:: COLLECTED DATA ::
%%

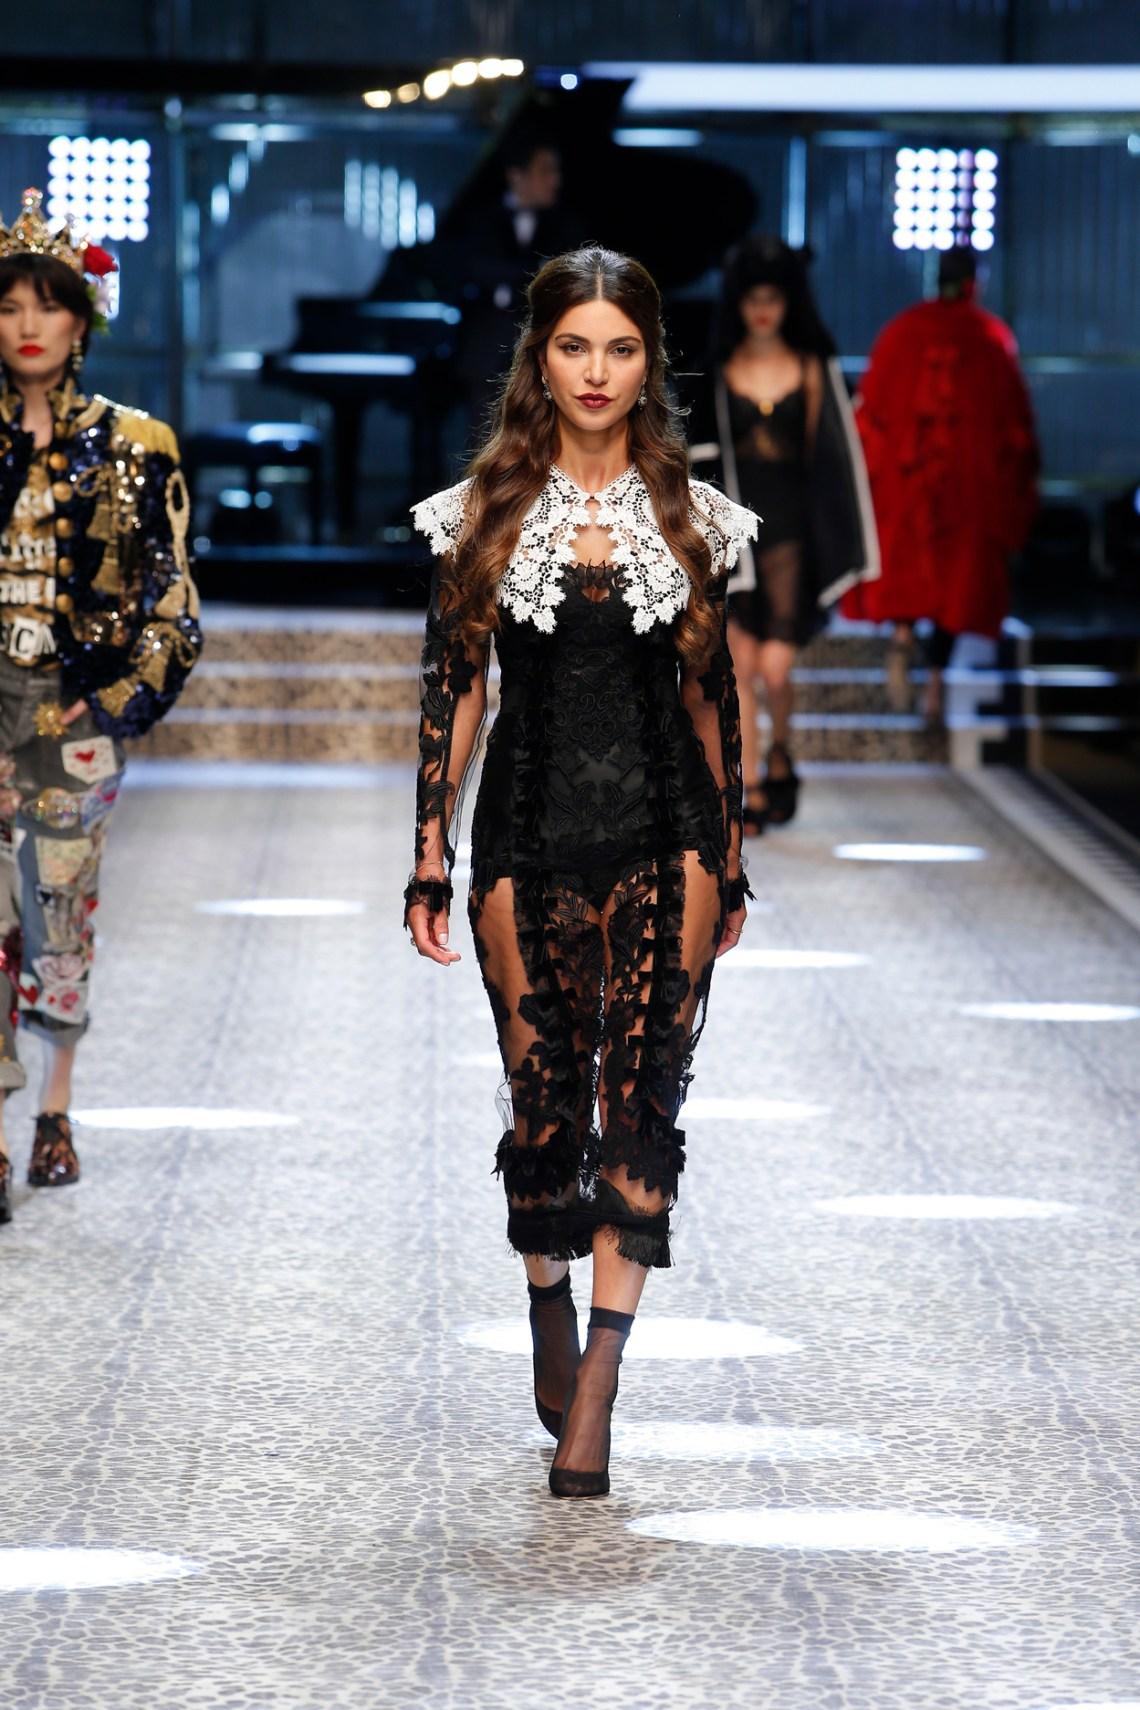 dolce-and-gabbana-fall-winter-2017-18-women-fashion-show-runway-06
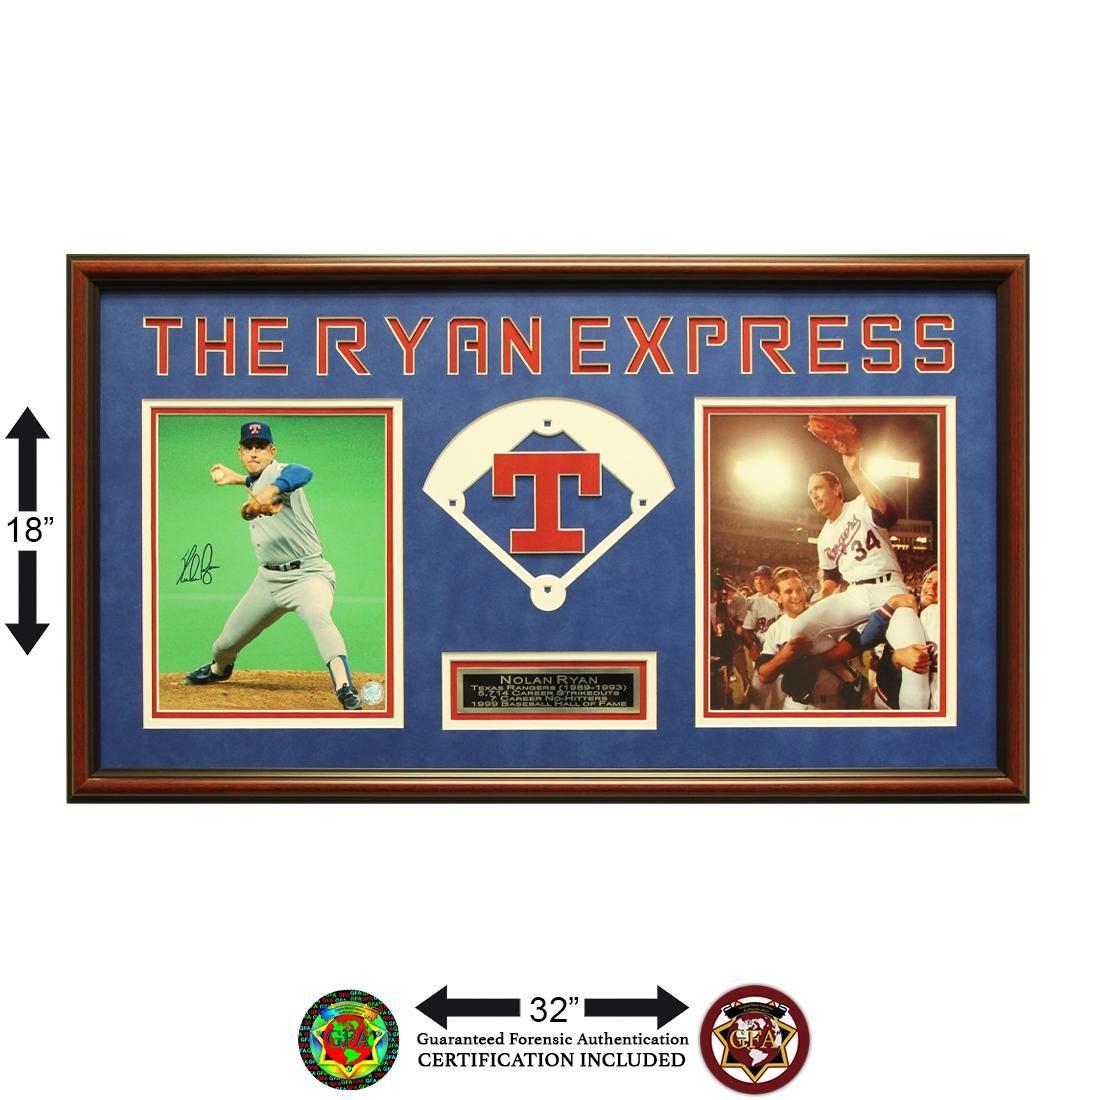 Nolan Ryan Texas Rangers 20x16 Framed signed GFA
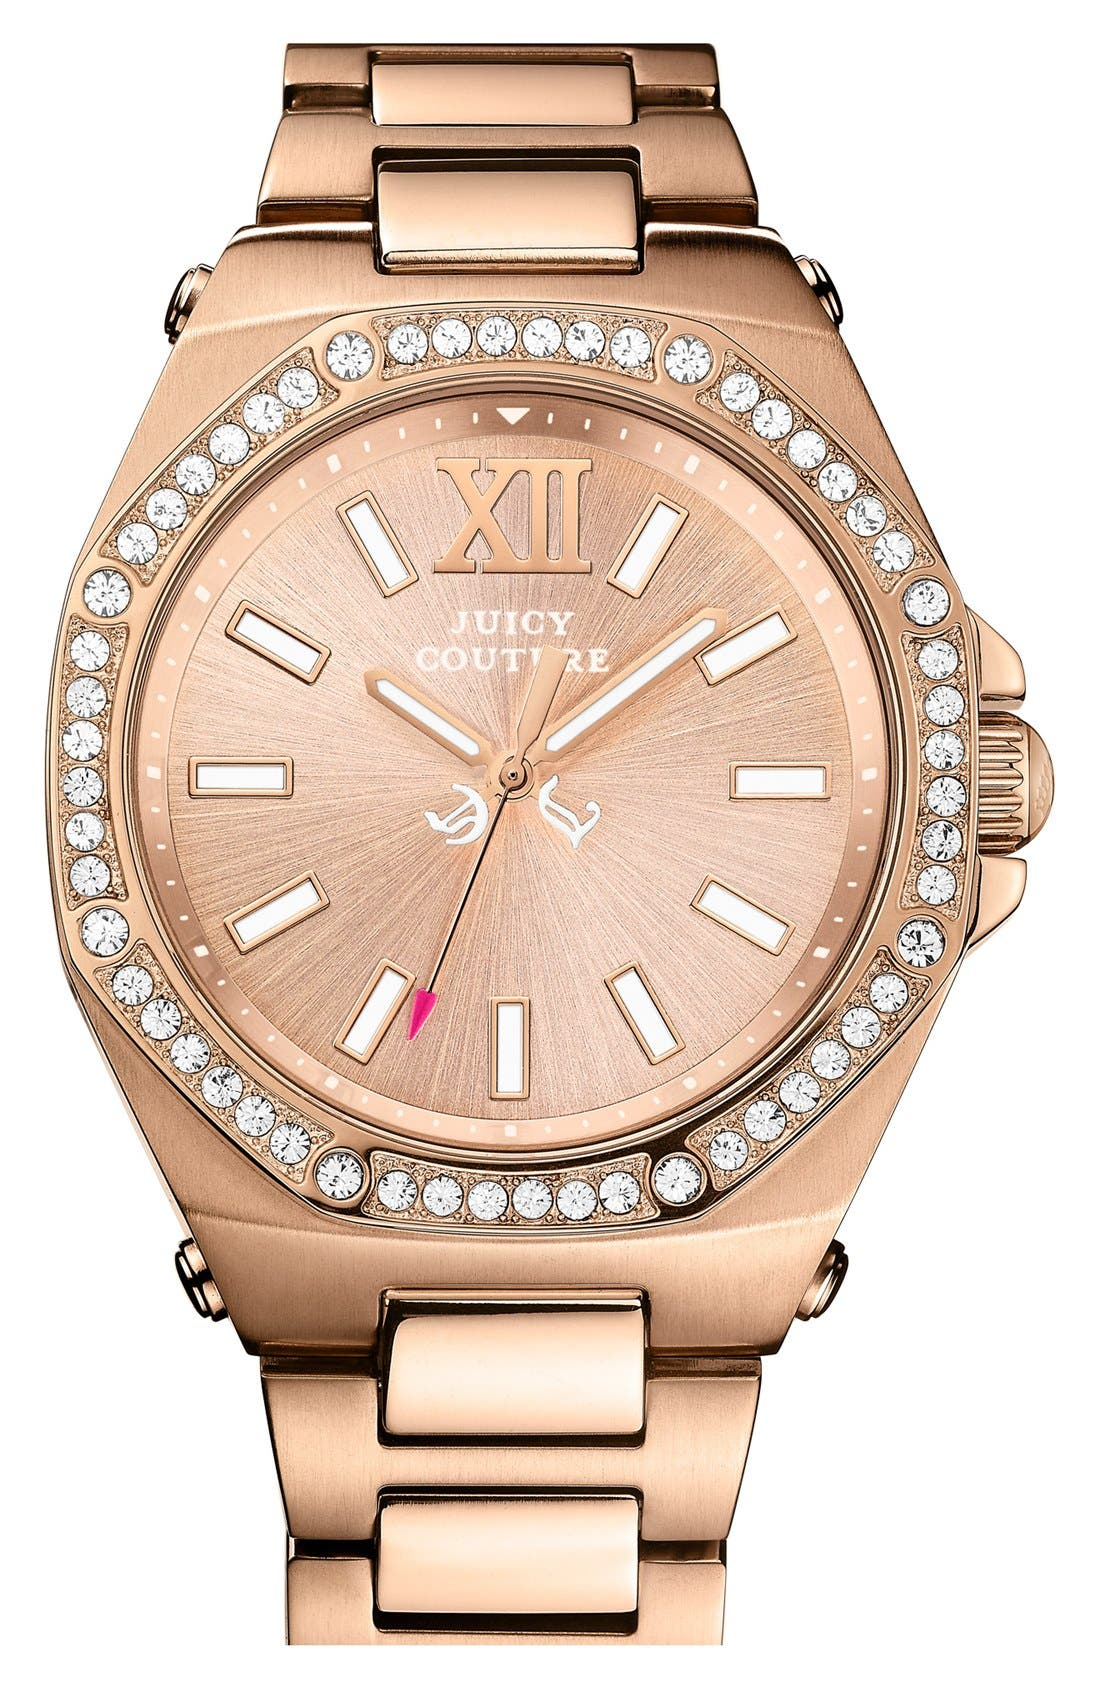 Main Image - Juicy Couture 'Chelsea' Octagonal Bracelet Watch, 42mm

%%

:: WORK REQUEST ::
For this exercise, retype the data above exactly and skip every image.

:: SOLUTION TO THE EXERCISE ::
 dolce-and-gabbana-fall-winter-2017-18-women-fashion-show-runway-06
 Nolan Ryan Texas Rangers 20x16 Framed signed GFA
 Main Image - Juicy Couture 'Chelsea' Octagonal Bracelet Watch, 42mm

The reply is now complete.